* _Task description_
What is needed is an exact copy of the records, with the images left out.

* _Exercise data_
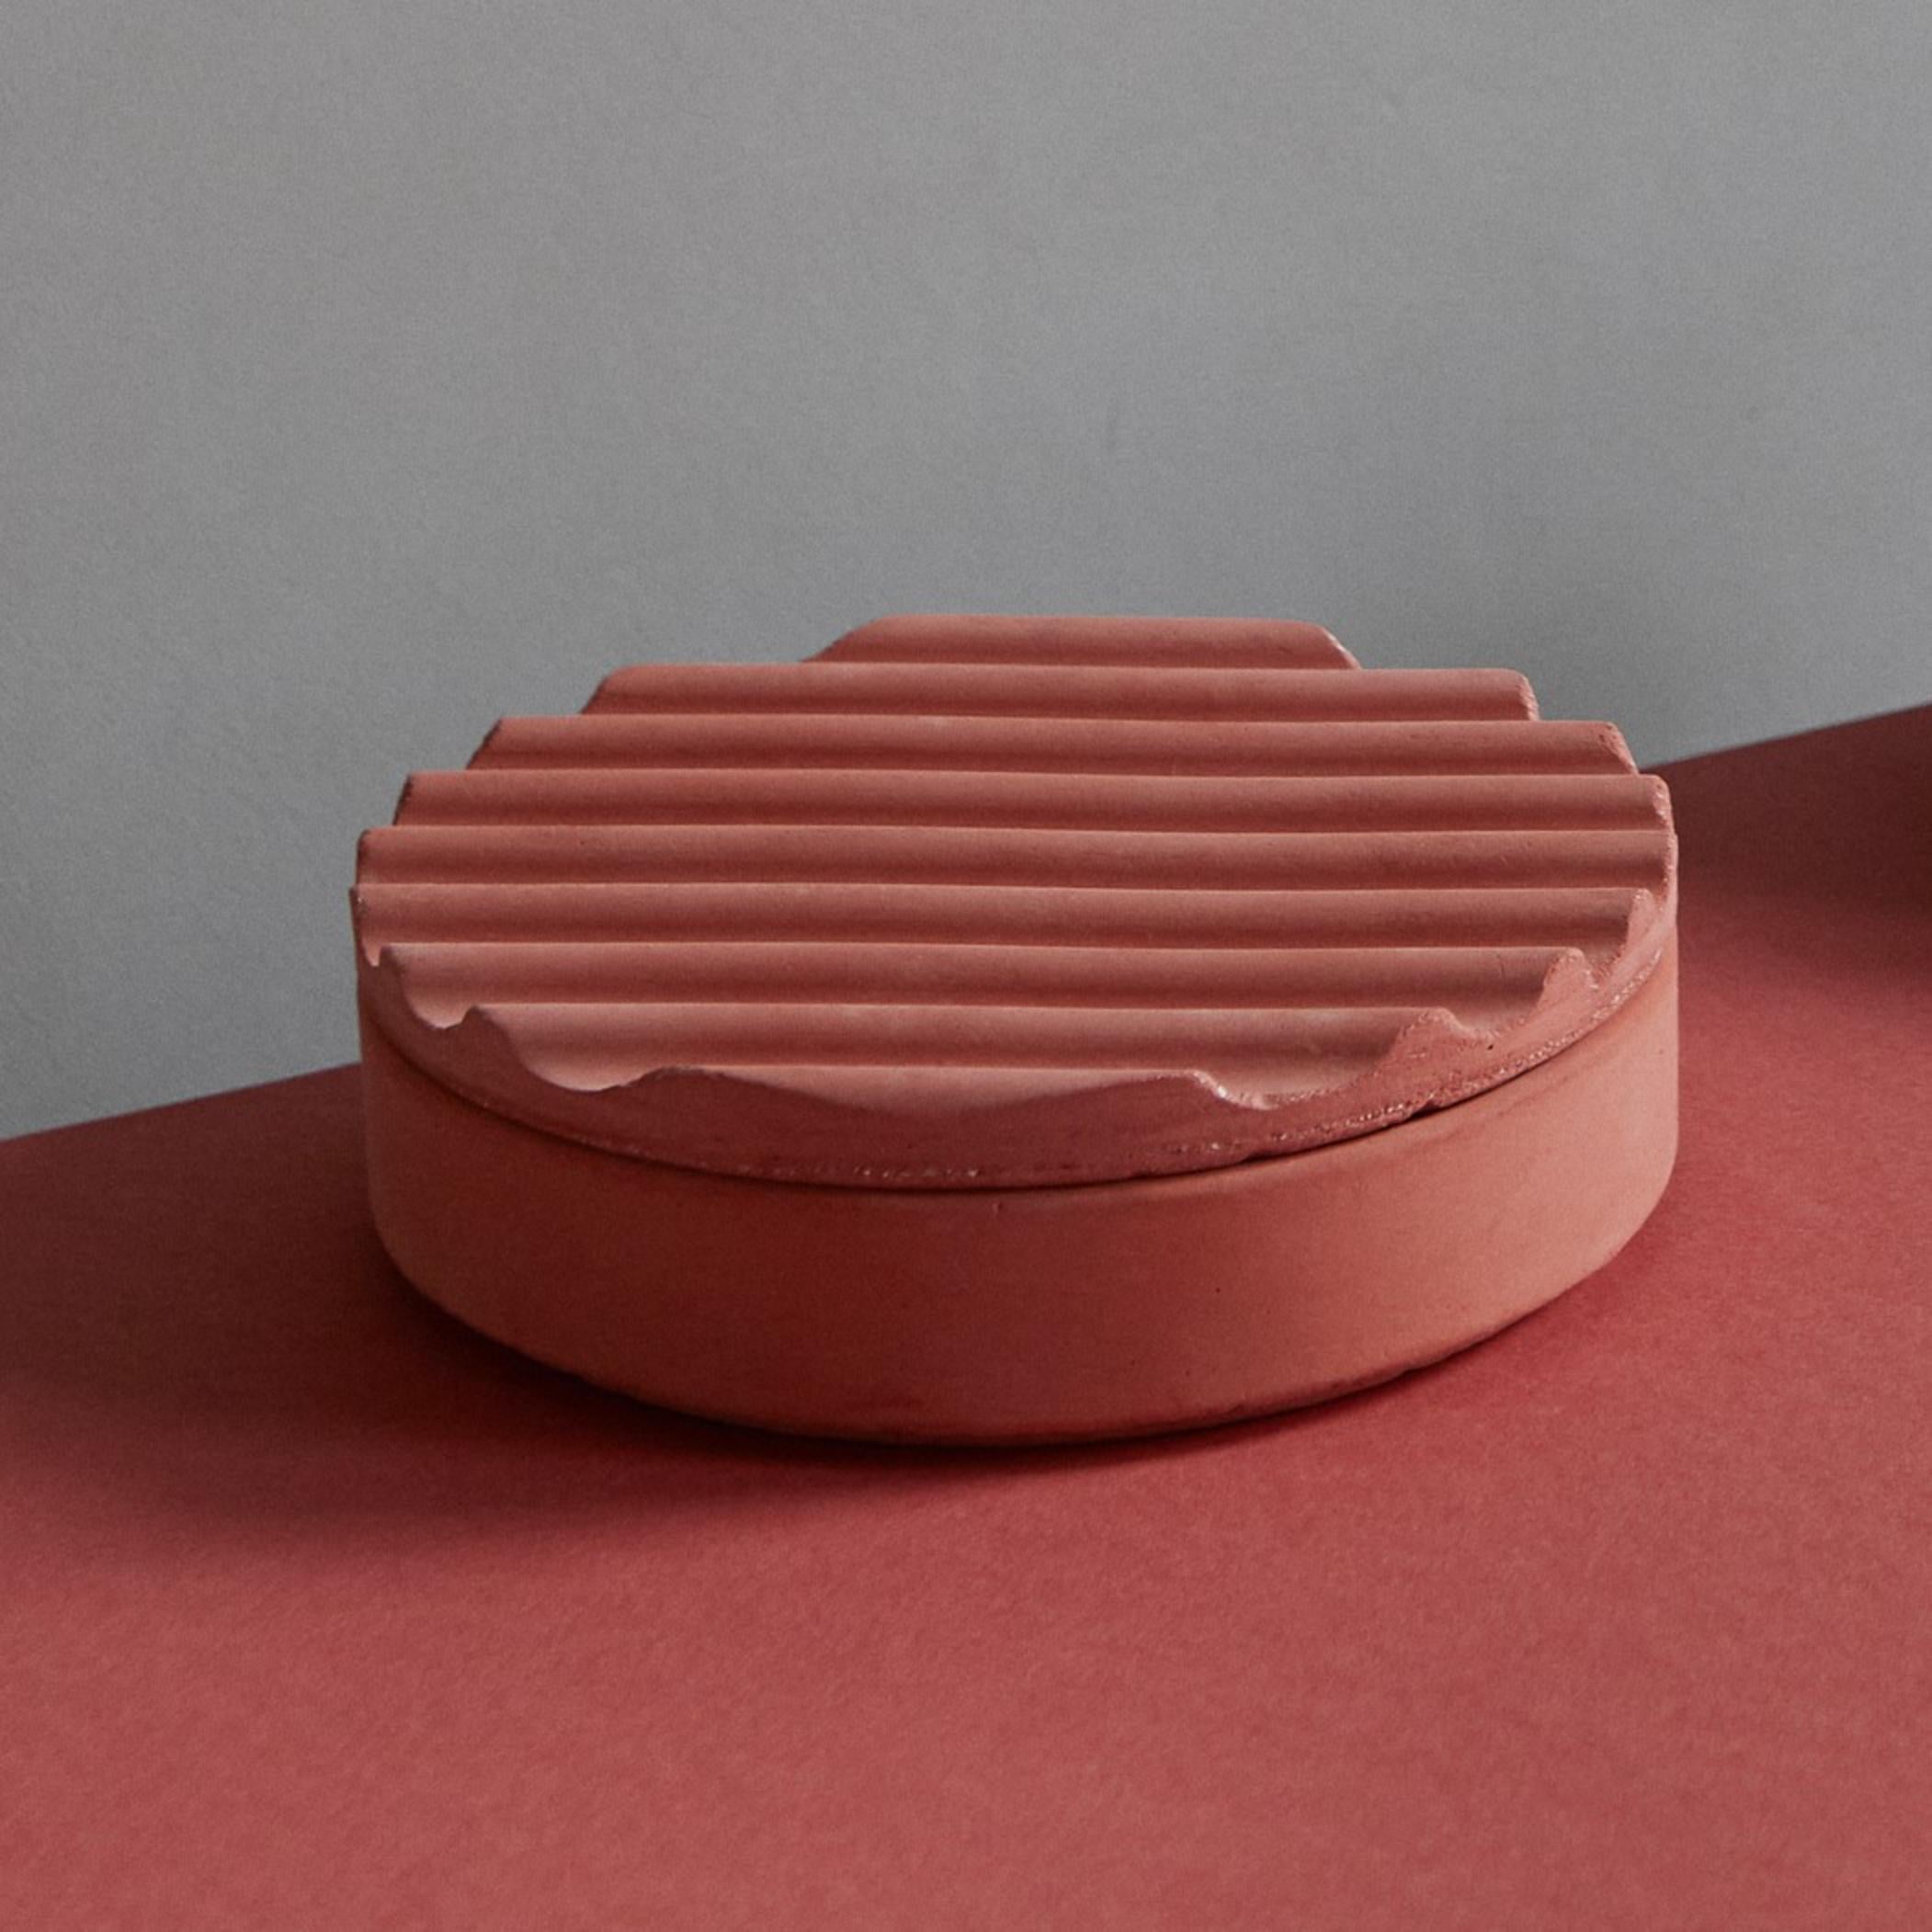 Set of 4 Ripple vessels by Derya Arpac
Dimensions: D 17 x H 7 cm
Materials: Pigmented Concrete
Also Available: Other colors available.

Derya Arpac is a Copenhagen based architect and furniture designer.
She holds a Master of Arts in

* _Output of the exercise_
 Set of 4 Ripple vessels by Derya Arpac
Dimensions: D 17 x H 7 cm
Materials: Pigmented Concrete
Also Available: Other colors available.

Derya Arpac is a Copenhagen based architect and furniture designer.
She holds a Master of Arts in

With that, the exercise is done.